The ground-attack wings were "licking" the earth along the paratrooper lines with surgical precision. Heavy bombers were delivering long-prepared "Gifts" to the enemy-held wastes.

The stockpiles of Armageddon—mountains of ordnance capable of shredding any blessing of the Blood God—were being vomited from the bellies of the craft, incinerating the scavengers emerging from the ash.

Valkyrie after Valkyrie lifted off, laden with survivors.

Behold, Caroline thought, clutching her comrades in the cramped bay. Behold what we have built.

The Gods of the Warp could transform desire into flesh and plate. But the machines forged by the hands of the species would bring the Vengeance of Man.

Khorne wants His claws? Let Him have them. Let Him shield His 'Chosen' from the rain of iron if He can.

Your rage is infinite, Blood God? Our steel is more infinite still.

The paratroopers cheered. They watched the little "flowers" of explosions below and the ribbons of light carved by the strike-craft. They watched the Bloodletters struggle and die under the weight of the assault. They watched the "invincible" monsters of the Warp try to fly, only to be erased by lance-fire from the ships in high orbit.

A surge of heroic pride filled the bay.

The Valkyrie slowed.

They were reaching the inner safety of the column. They would land, re-arm, reflect, and summary. They would lick their wounds.

And then, they would march to the next battle.

Yarrick set down the Inquisitorial casualty count.

"The number of surviving squads is far higher than estimated. The pressure on the breakthrough is lower. But these daemons..."

"Leave them to us," the Inquisitor said, her voice hard. She wasn't about to let the troops panic. "Execute the offensive, Commissar. Find the Beast! We will handle the Warp-taint!"

Unlike the past, Yarrick found he could accept this. To hand his men to an Inquisitor for "cleansing" didn't feel like a betrayal anymore. It was a tactical necessity.

"Very well."

Yarrick returned his focus to the main advance, leaving the Warp-problems behind him.

The shadows of the Empyrean might linger, but his job was to win the war on the ground.

"Chaos again," Arthur noted, reading the tactical reports from the front.

Armageddon had three continents. The Fire Wastes at the north pole, and the dead ice of the south. The center held the human settlements, split by jungles and oceans into the Prime and Sub-Continents.

Nurgle's rot was infesting the poles. The lingering stains of Angron's presence were triggering outbreaks that had pinned down the Mechanicum forces. But Yarrick had breached the jungle. He was on the Sub-Continent. The advance was moving faster than predicted.

It was the result of Yarrick's masterful management of resources and the "Standardized Promotion" protocol that had identified him as a high-tier talent early in the war.

With Armageddon's industrial might behind him, the result felt inevitable.

Arthur was satisfied.

Even the Navy's blunder was being salvaged. They hadn't rushed into a trap at the Mandeville points; instead, they were systematically liberating the neighboring worlds and sending small groups to test the Ork blockade.

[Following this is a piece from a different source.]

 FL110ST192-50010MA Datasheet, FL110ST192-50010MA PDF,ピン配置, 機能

The Dawnbreakers were optimists.

The reaction of the Imperial military to an independent threat had reached "Barely Passing" in Arthur's eyes. There was still a long way to go.

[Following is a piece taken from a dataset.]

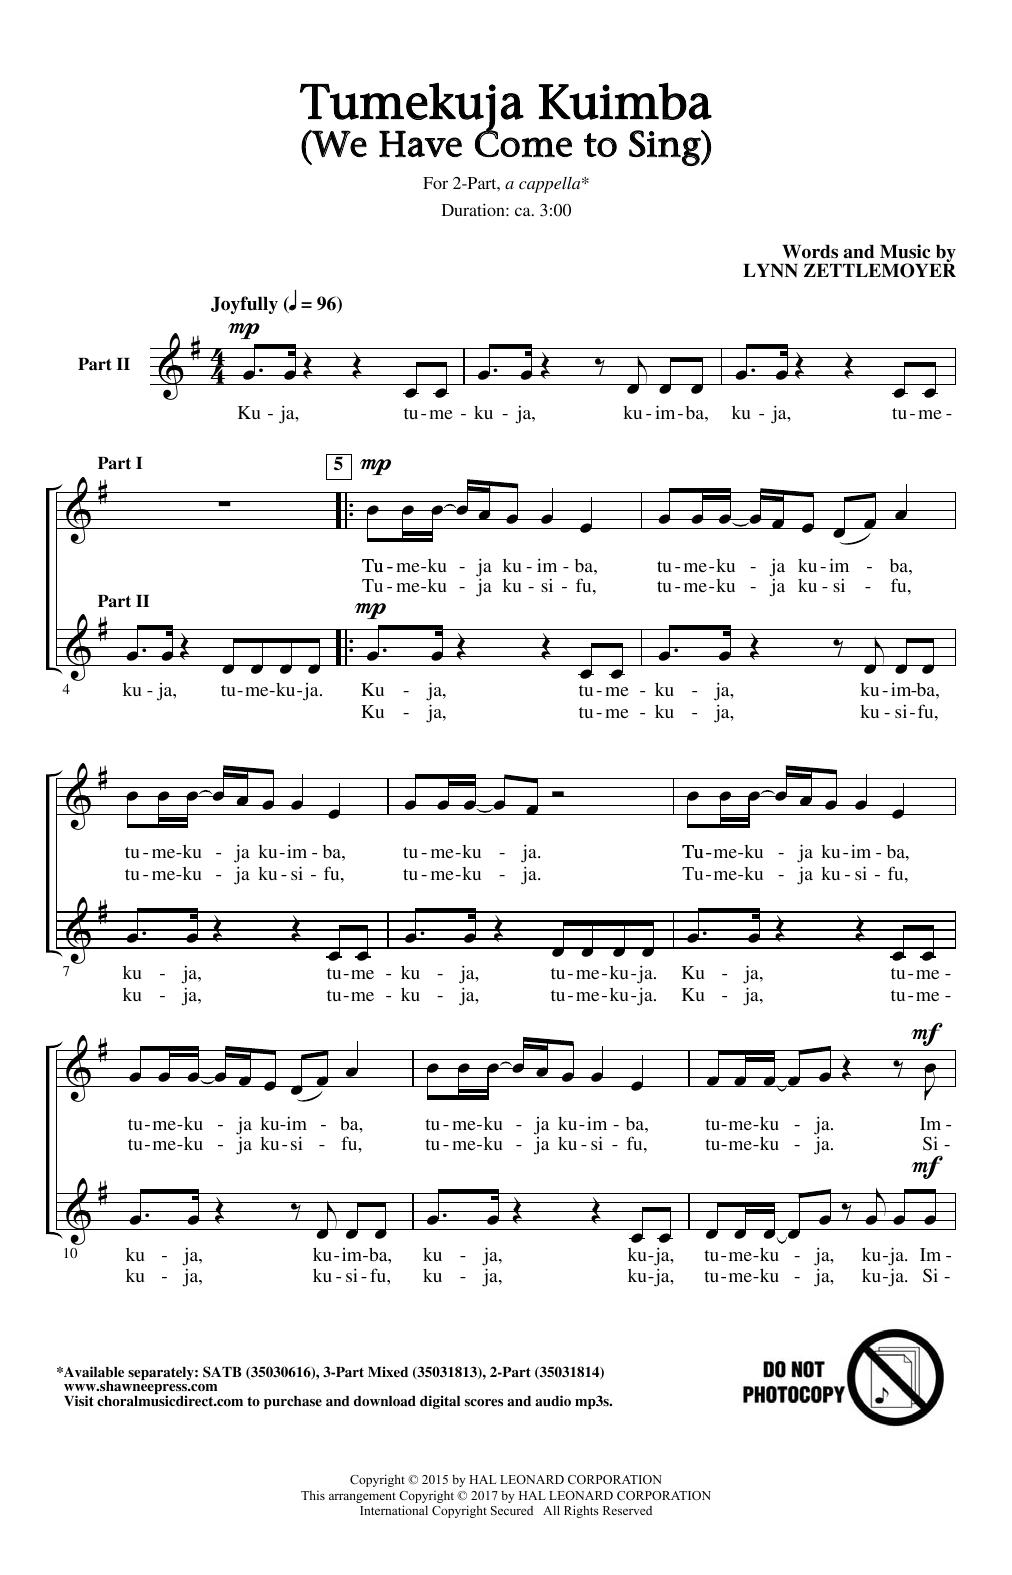 Tumekuja Kuimba (We Have Come To Sing!) Sheet Music

If Badab was a textbook for Astartes-Chaos warfare, Armageddon was the proof that the military reforms had raised the "floor" of the mortal soldier.

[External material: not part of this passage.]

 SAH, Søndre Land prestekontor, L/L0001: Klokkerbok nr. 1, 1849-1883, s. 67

A man like Yarrick—capable of mobilizing an entire planet's assets for total war—was a treasure. In the future, the Dawnbreakers intended to grant such commanders near-absolute authority.

The risk of corruption was high, yes.

But Arthur looked at the Emperor—currently inhabiting the "Apprentice" and chatting with Ramesses.

If a proactive Emperor and the four of them couldn't hold one man's soul against the Warp, then Humanity was already lost.

Arthur walked toward them.

"What are you two discussing?"

Ramesses' loud voice rang out before he reached them.

He looked as if he had just heard something that broke his logic. He held his head in his hands, staring in disbelief at the "Emperor," who was currently clearing out the Eternal Crusader's food larder like a man possessed.

"What do you mean, there's a legend in the Warp that You once Elbow-Struck the Four Gods to death?!"